• **WHAT TO PRODUCE**
Return exactly, with nothing added, the lines from the one that contains "Frigidaire FPET2785KF manual" through the end of the listing below, pictures excluded.

• **DATASET EXTRACT**
....................

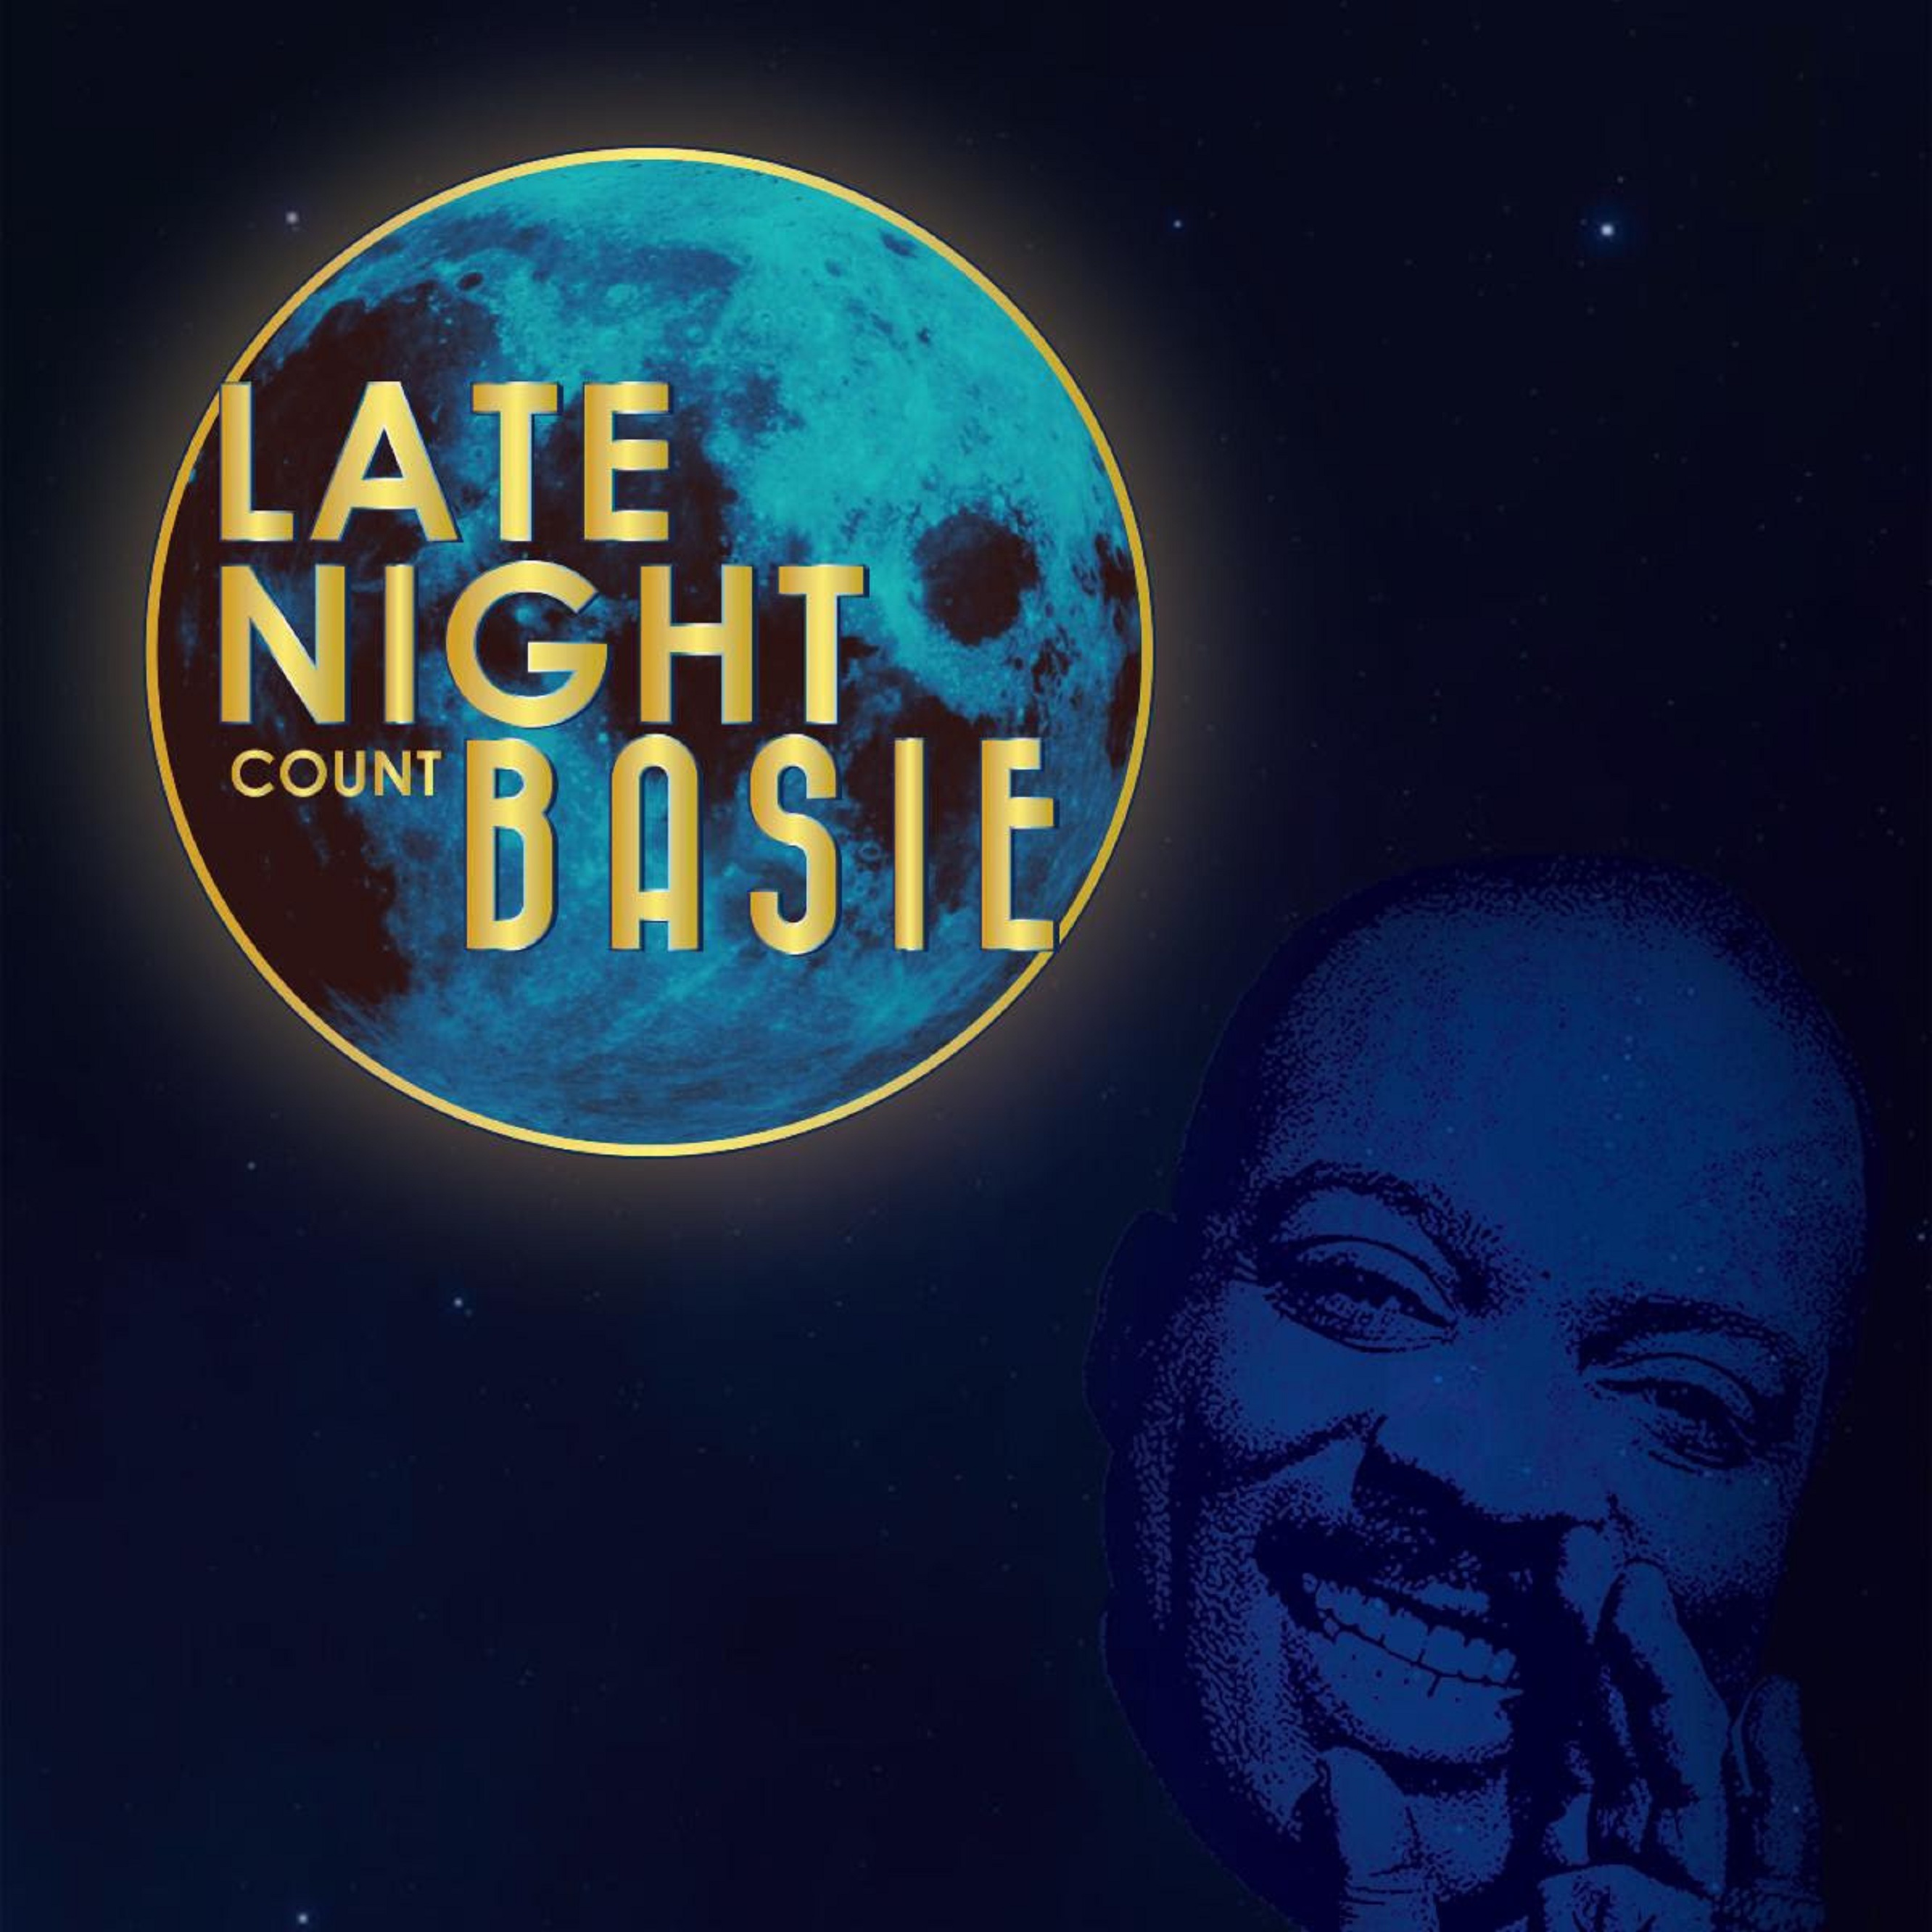 A New Celebration of Count Basie: 'Late Night Basie' Out April 7th via Primary Wave Music
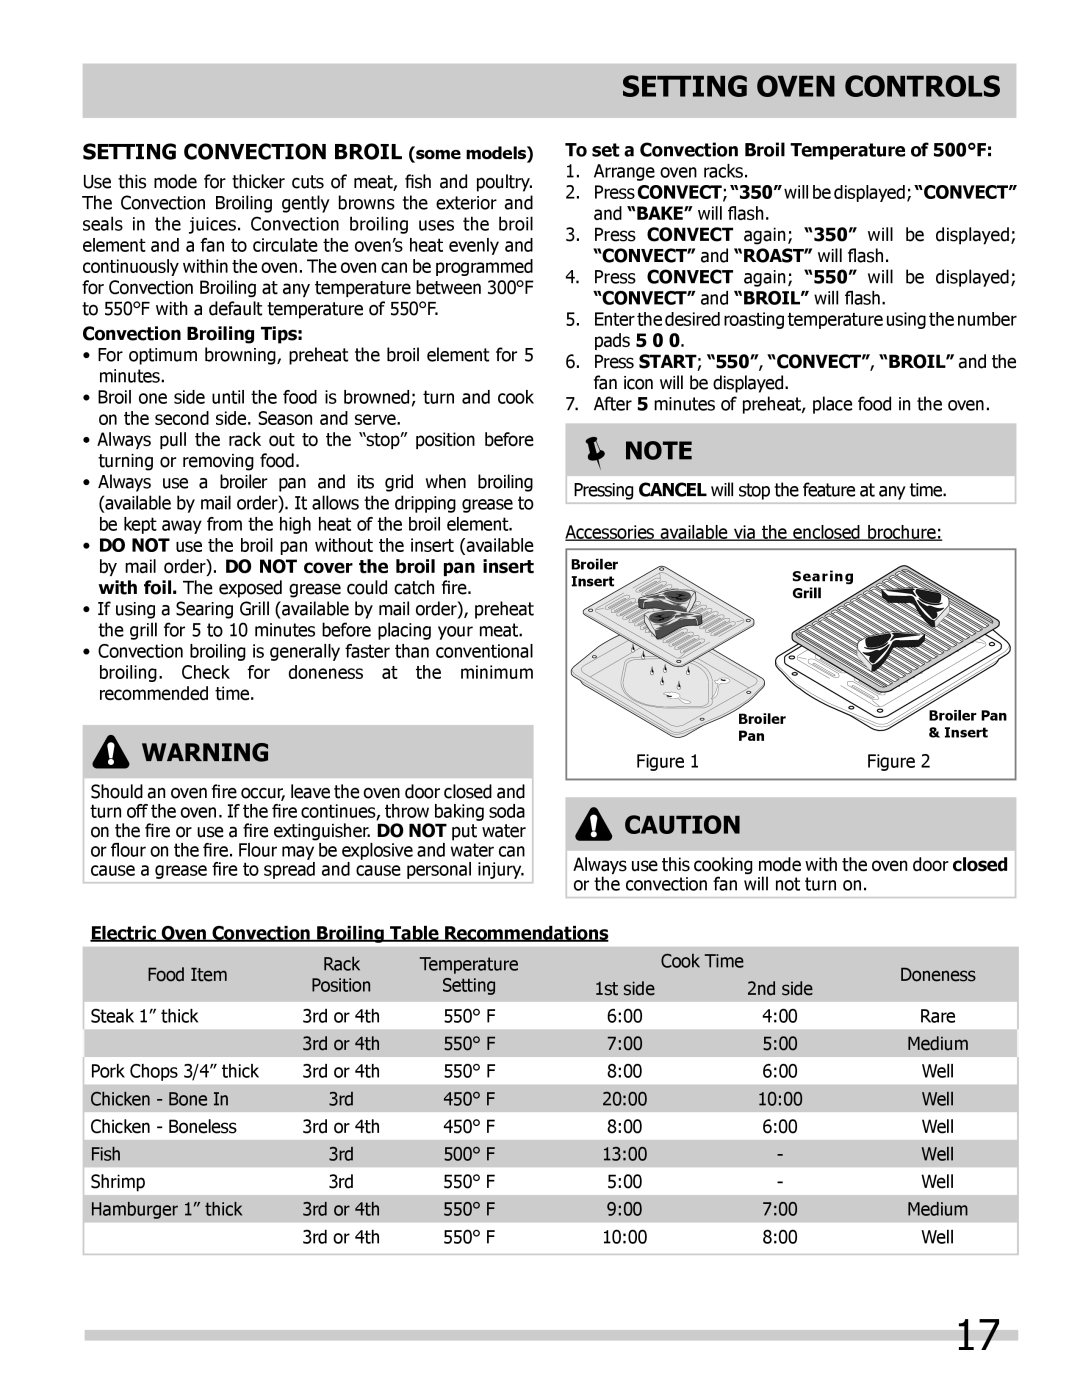 Frigidaire FPET2785KF manual SETTING CONVECTION BROIL some models, Convection Broiling Tips, Setting Oven Controls,  Note 
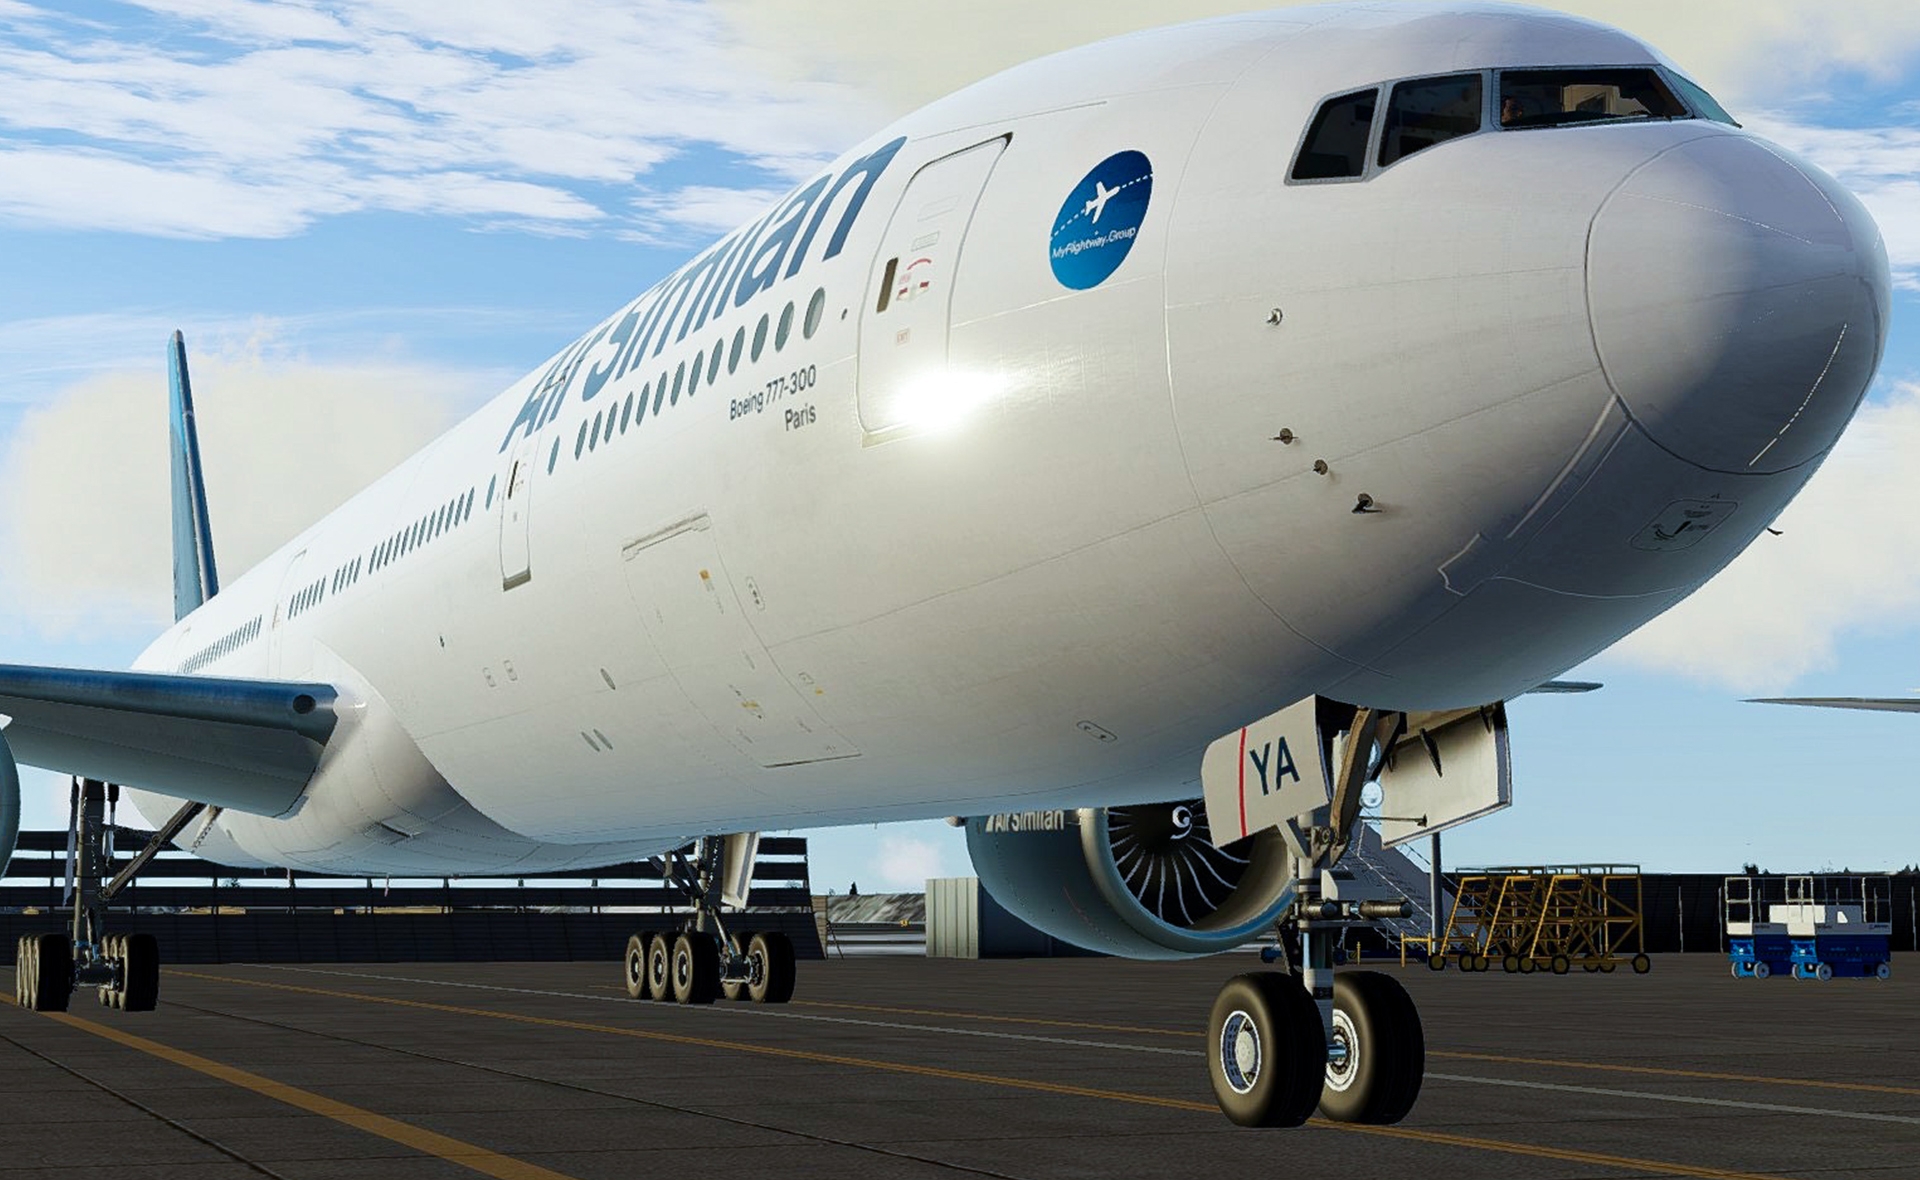 Welcome to the Boeing 777 and long-haul

....................

• **FINISHED TASK**
 Frigidaire FPET2785KF manual SETTING CONVECTION BROIL some models, Convection Broiling Tips, Setting Oven Controls,  Note 
 Welcome to the Boeing 777 and long-haul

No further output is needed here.